PROBLEM:
Your output should be the lines below from the one holding "1BusinessWorld BusinessWorld" through the one holding "Макет Москвы. Ночная подсветка", transcribed exactly, with no pictures.

DATA UNDER STUDY:
# # # # # # #
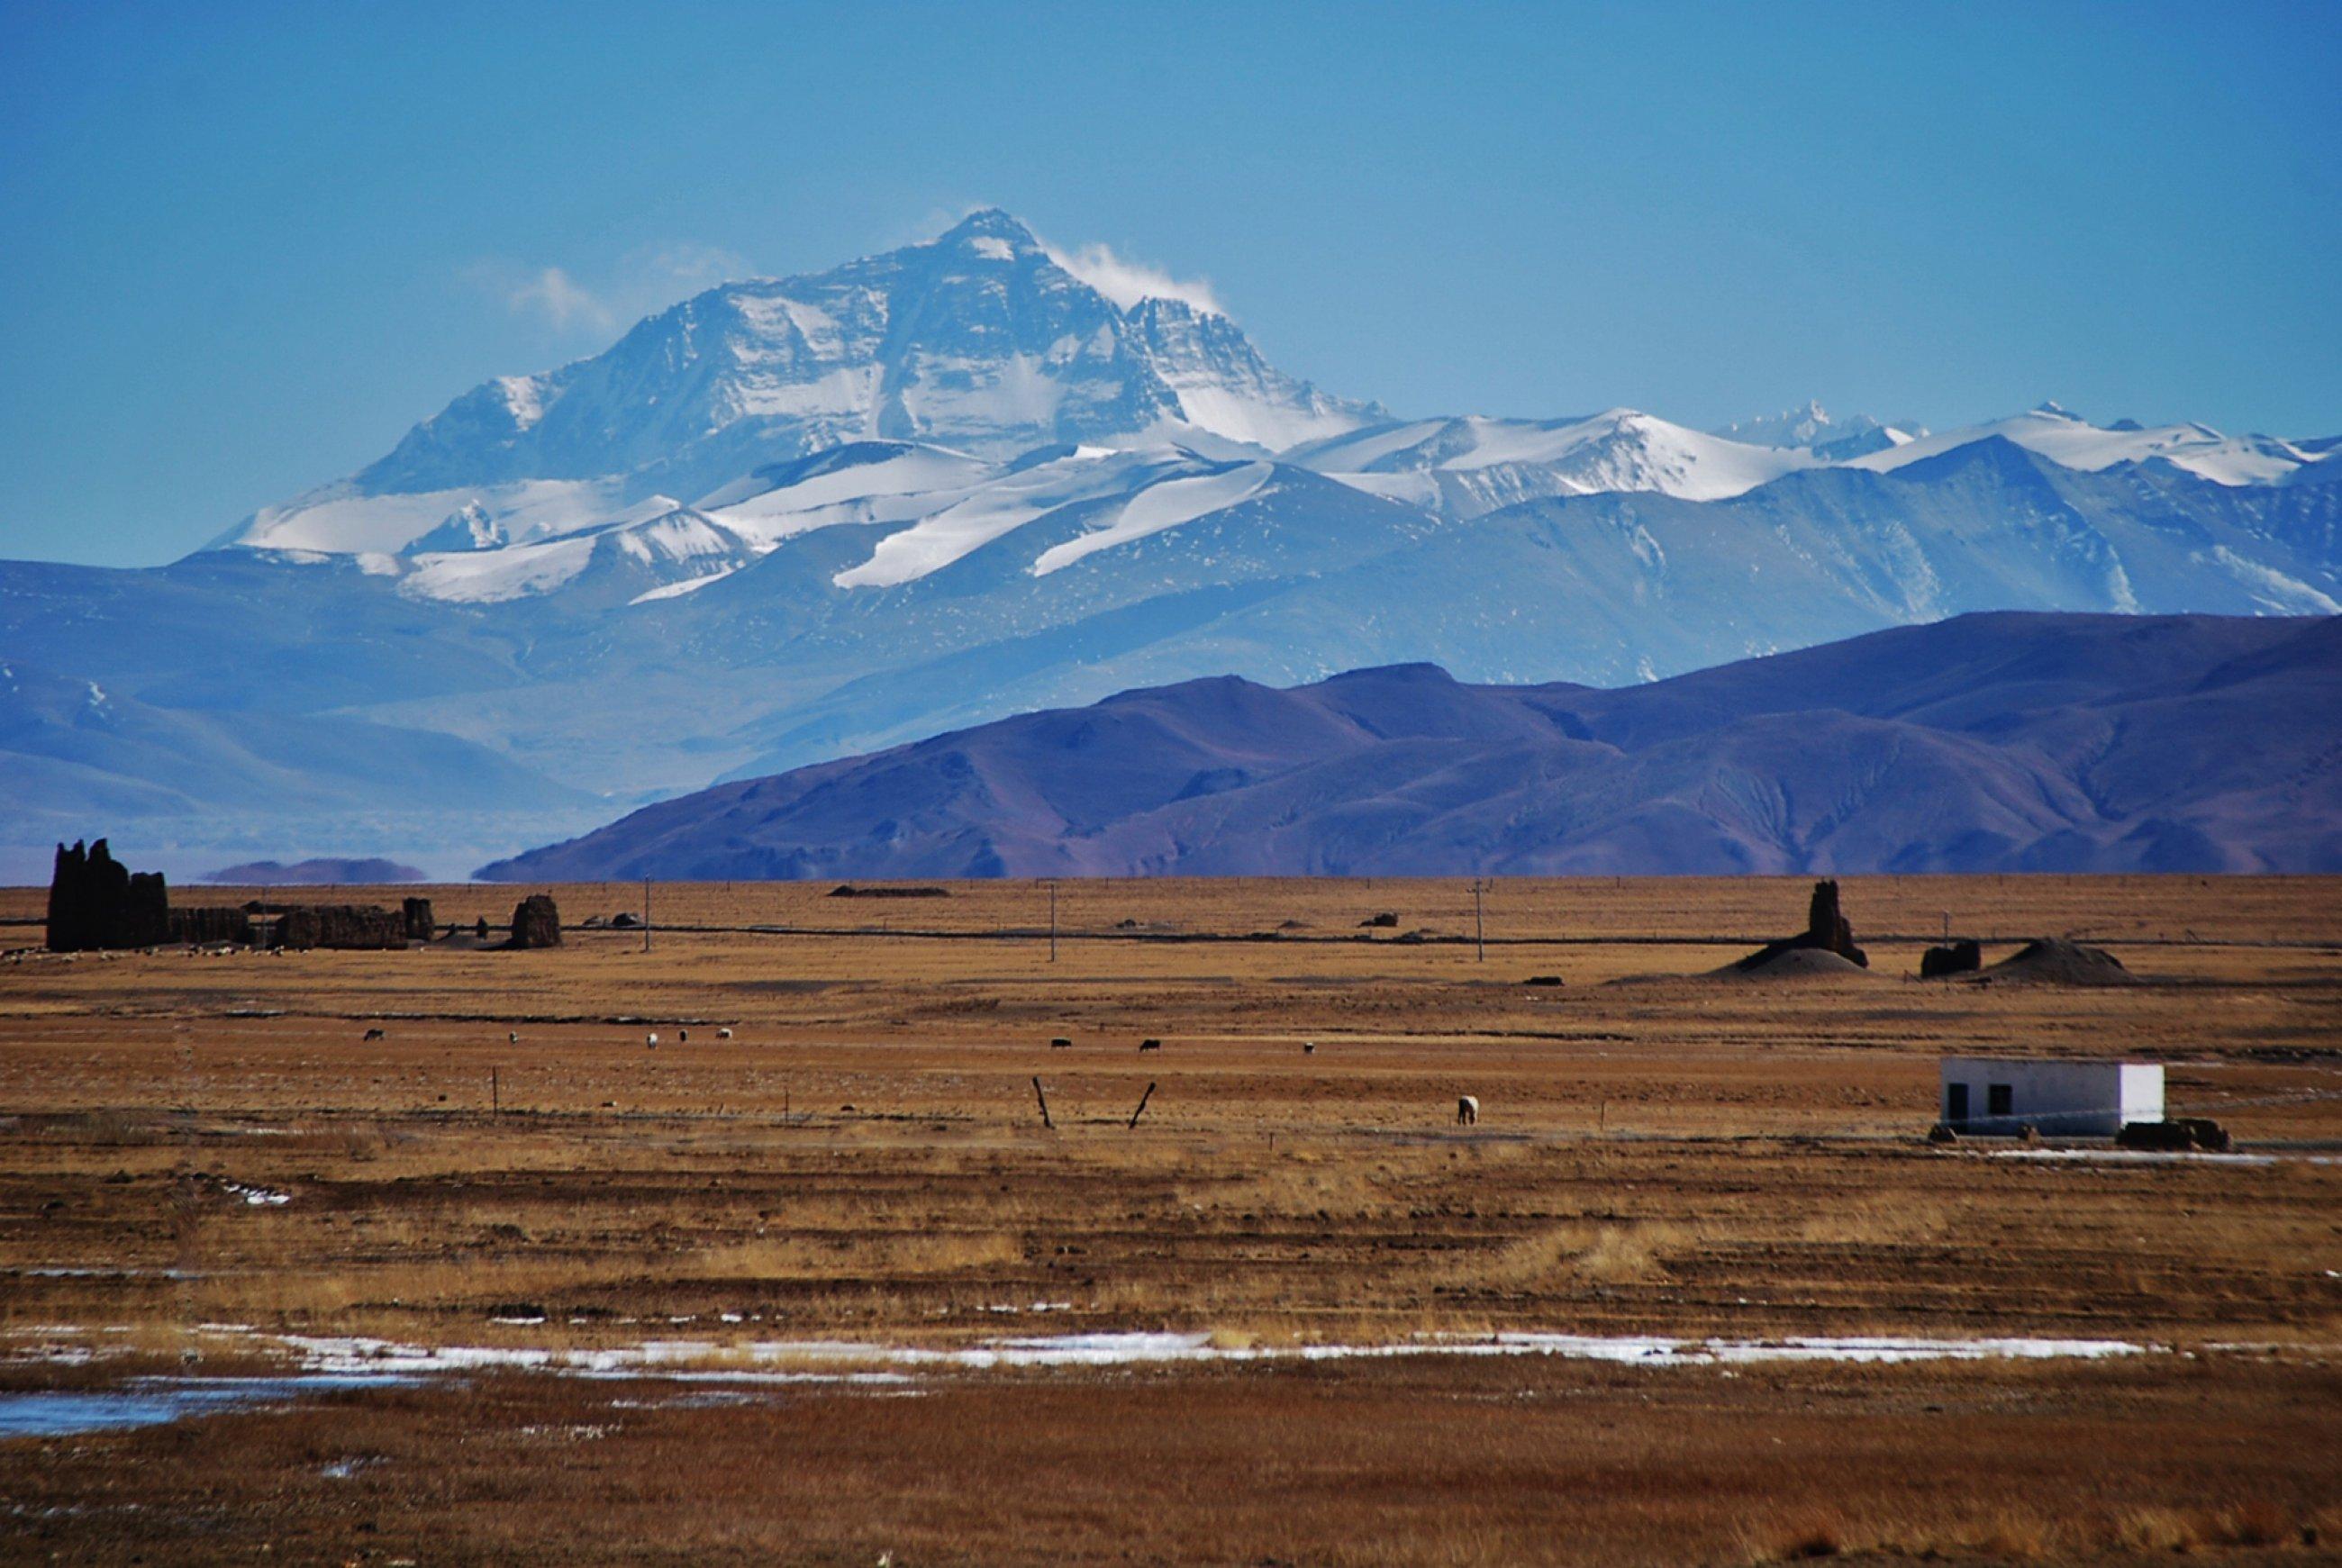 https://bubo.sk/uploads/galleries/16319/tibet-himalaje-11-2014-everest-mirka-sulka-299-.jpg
# # # # # # #
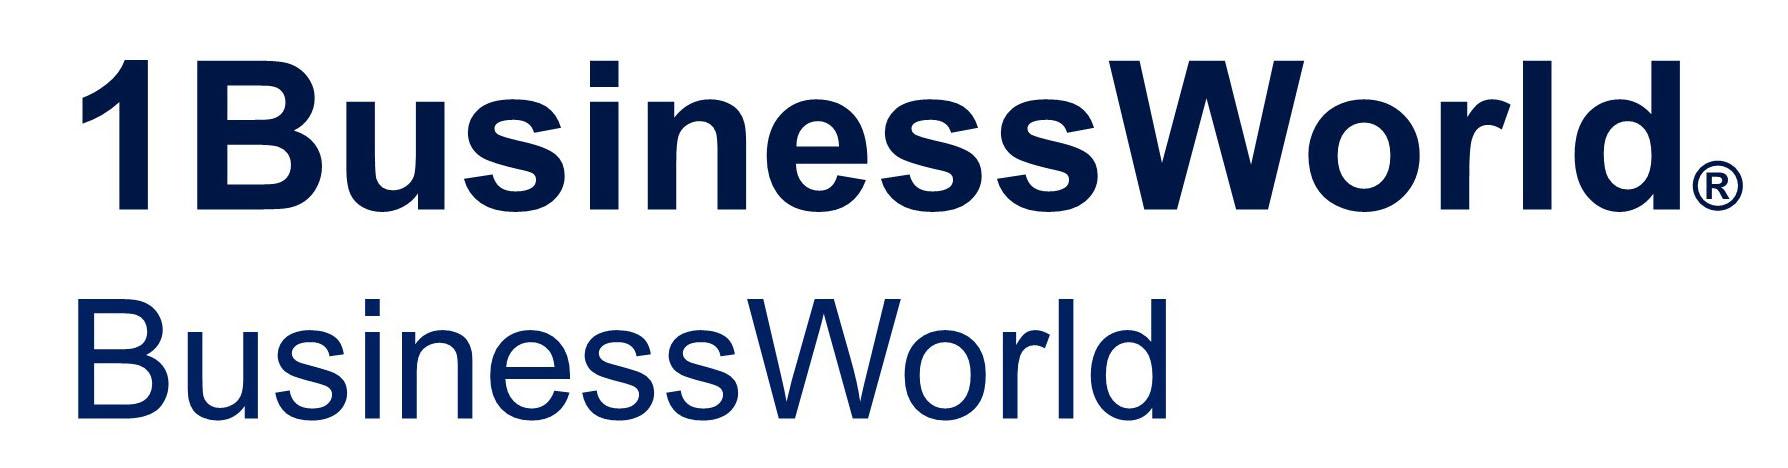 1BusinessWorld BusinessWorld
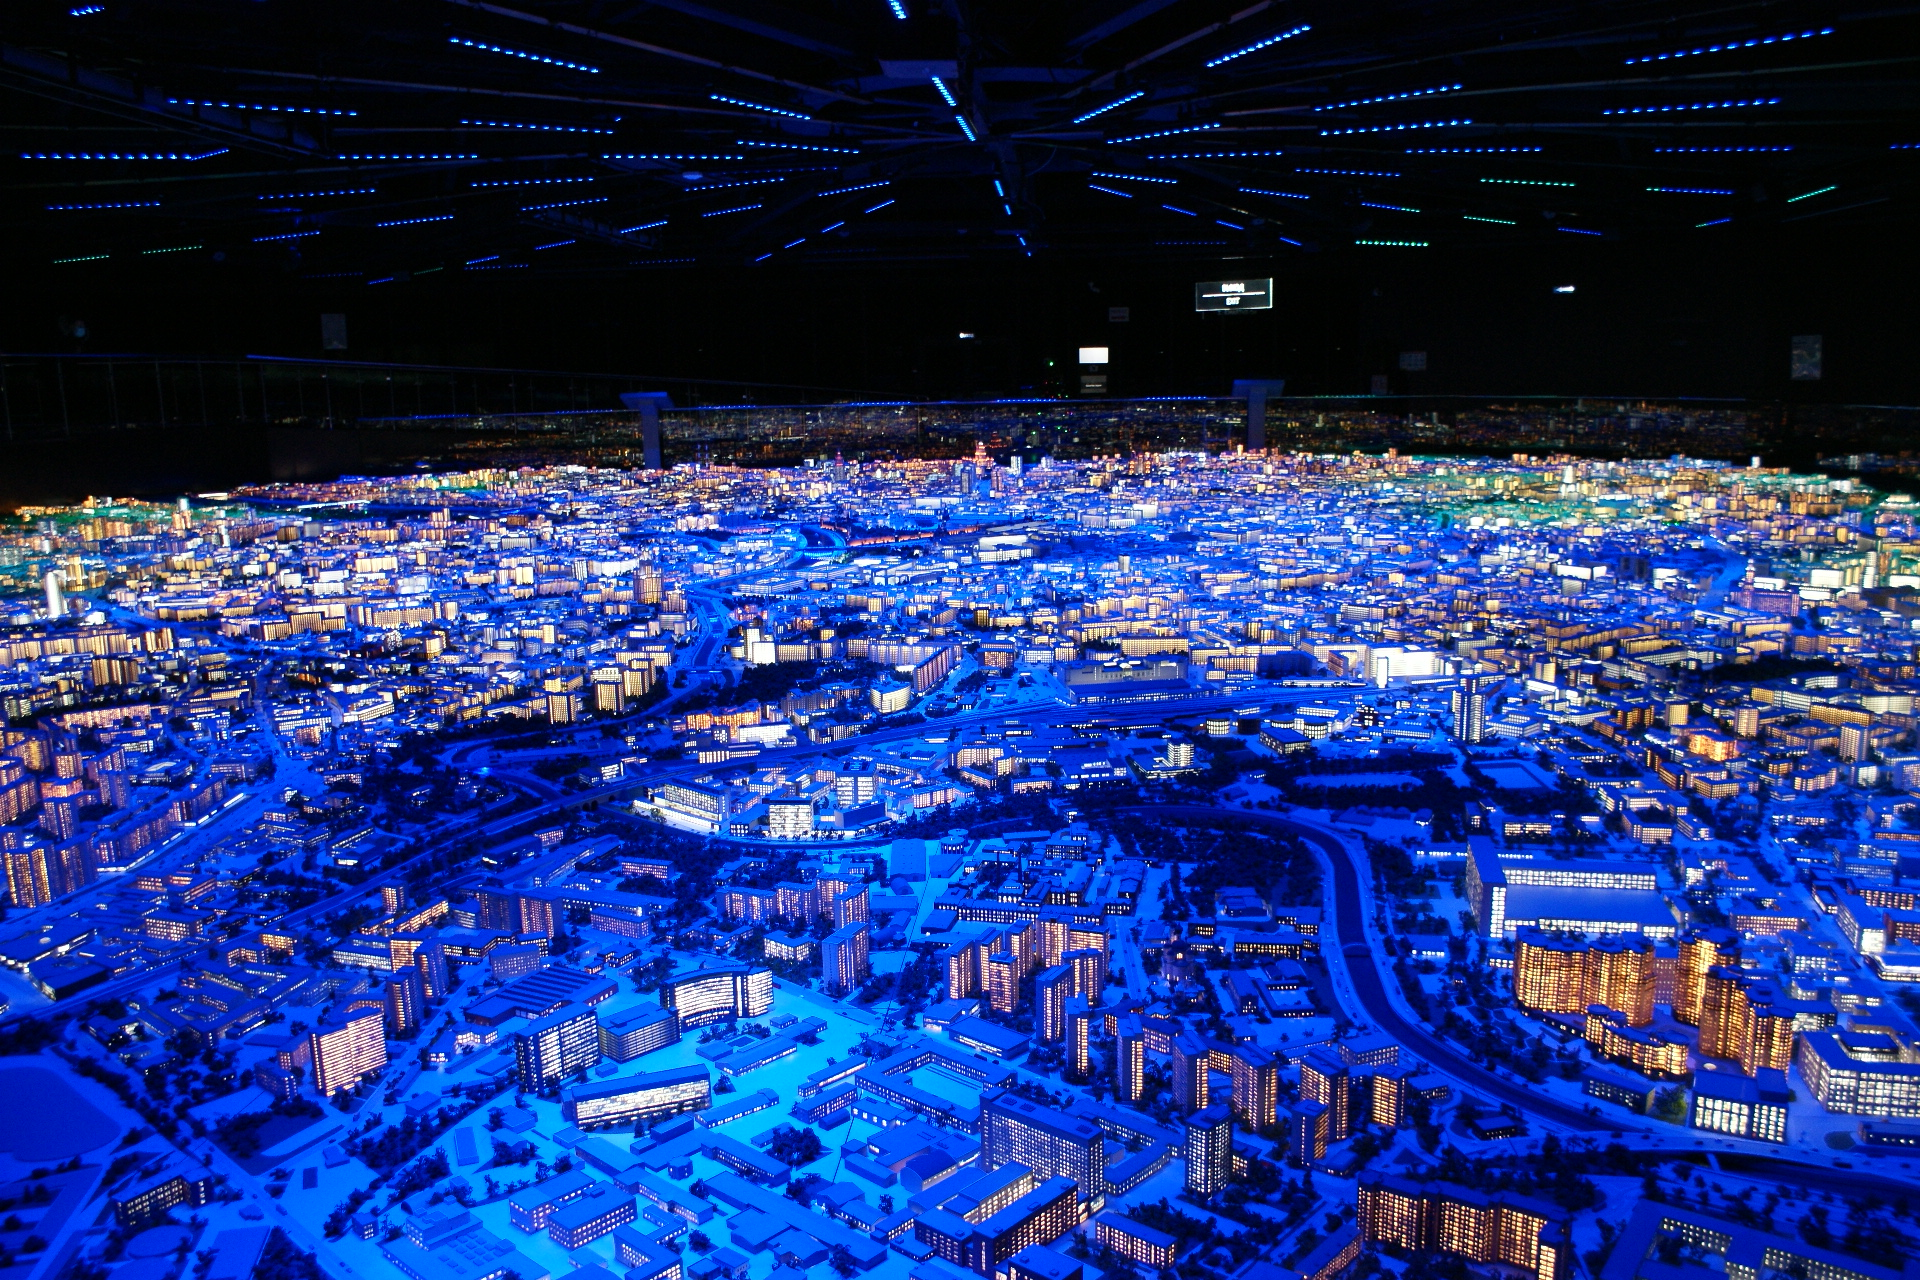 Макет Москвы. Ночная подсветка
# # # # # # #
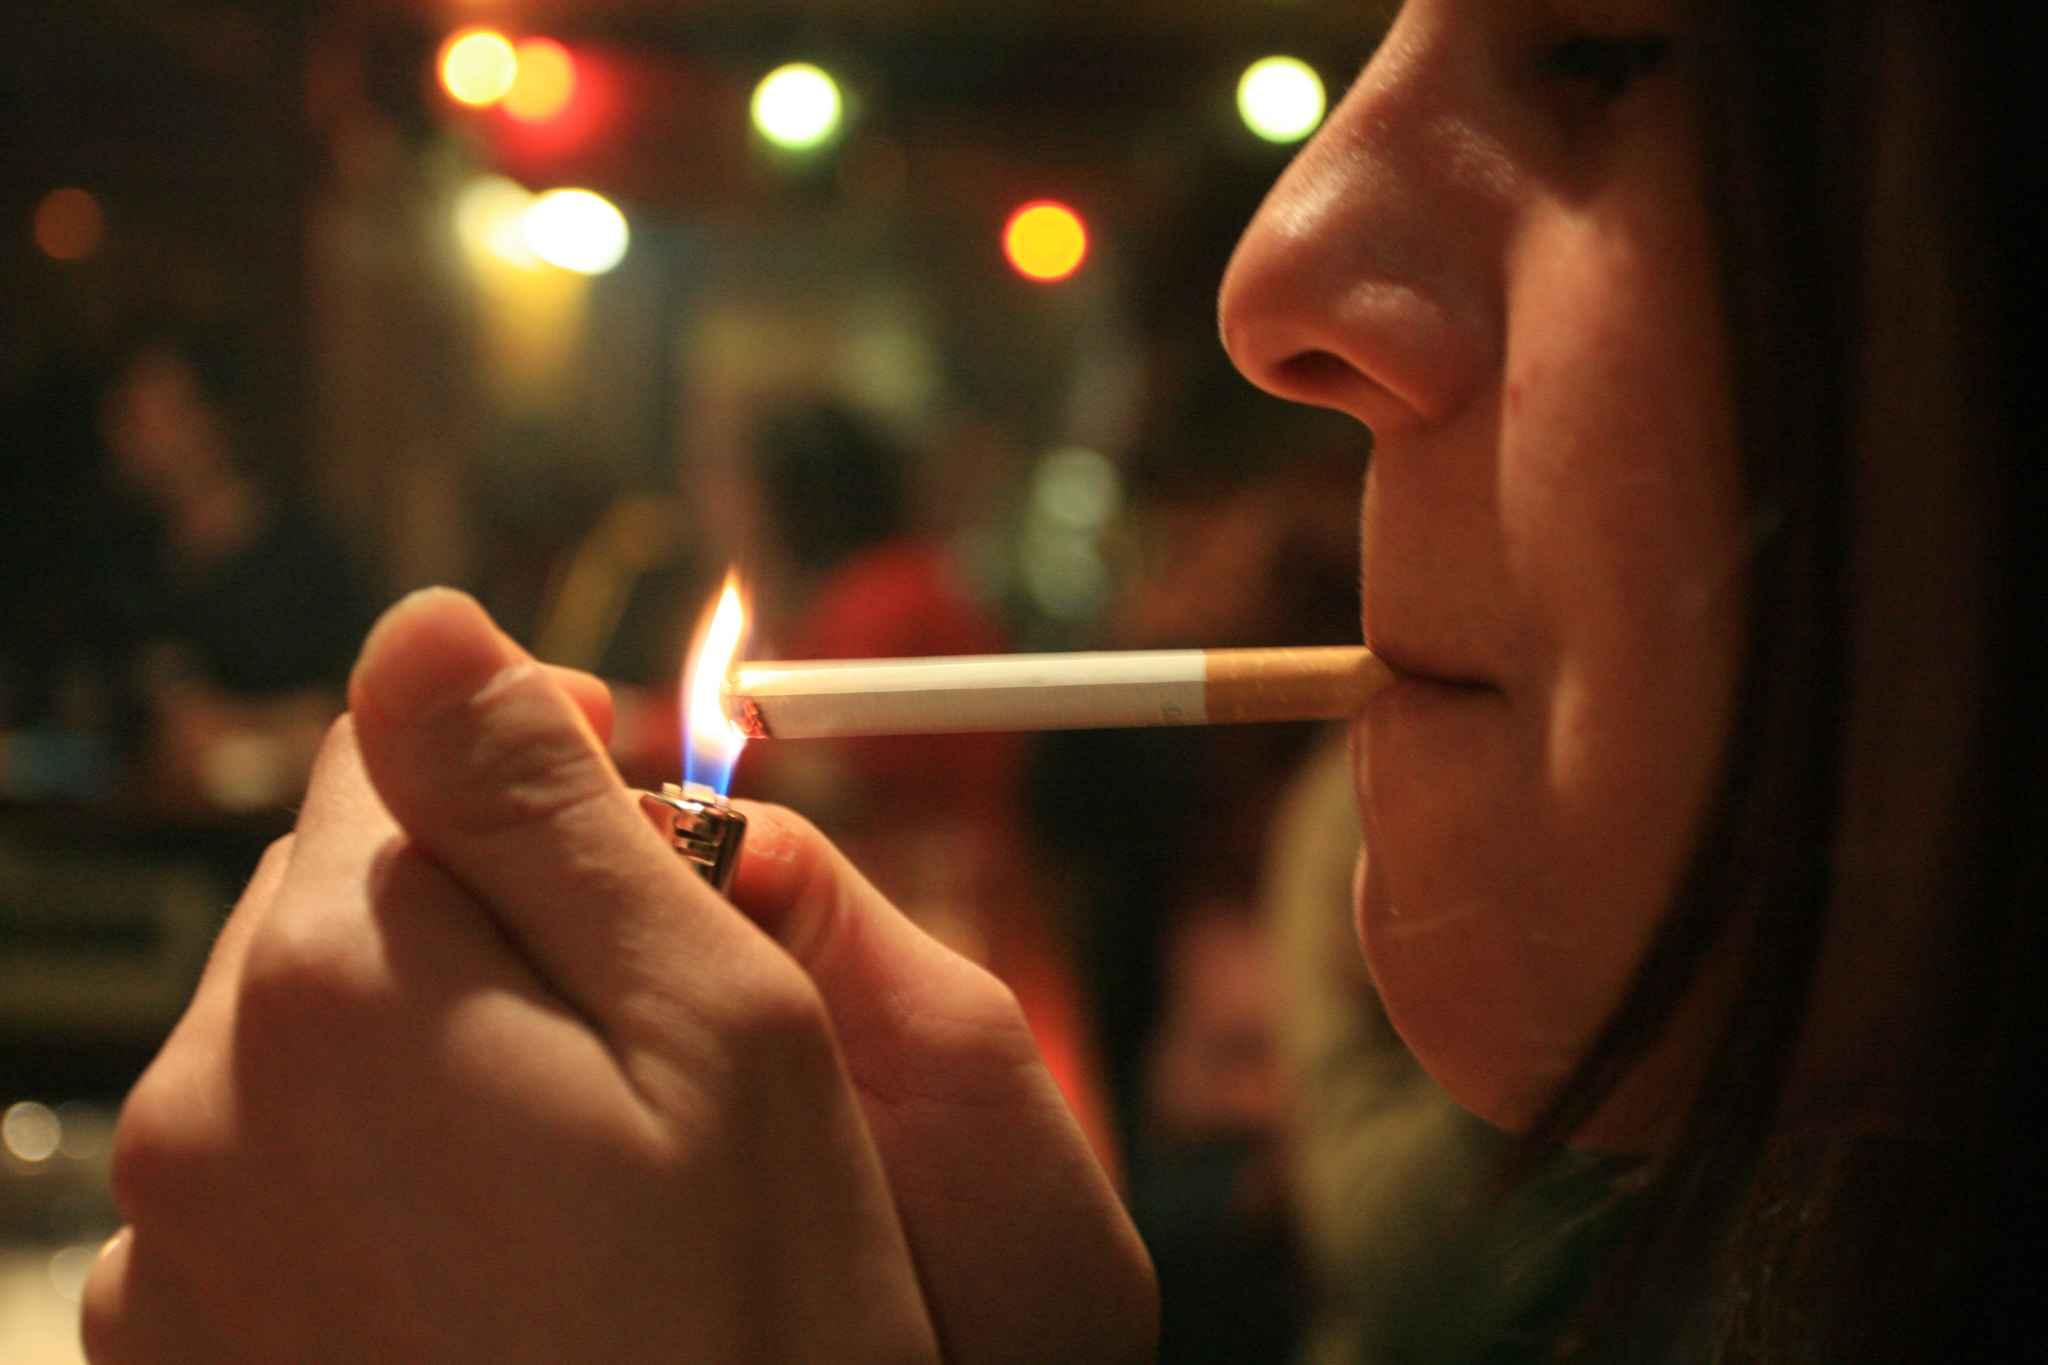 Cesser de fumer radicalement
# # # # # # #
RESPONSE FOR THIS EXERCISE:
 1BusinessWorld BusinessWorld
 Макет Москвы. Ночная подсветка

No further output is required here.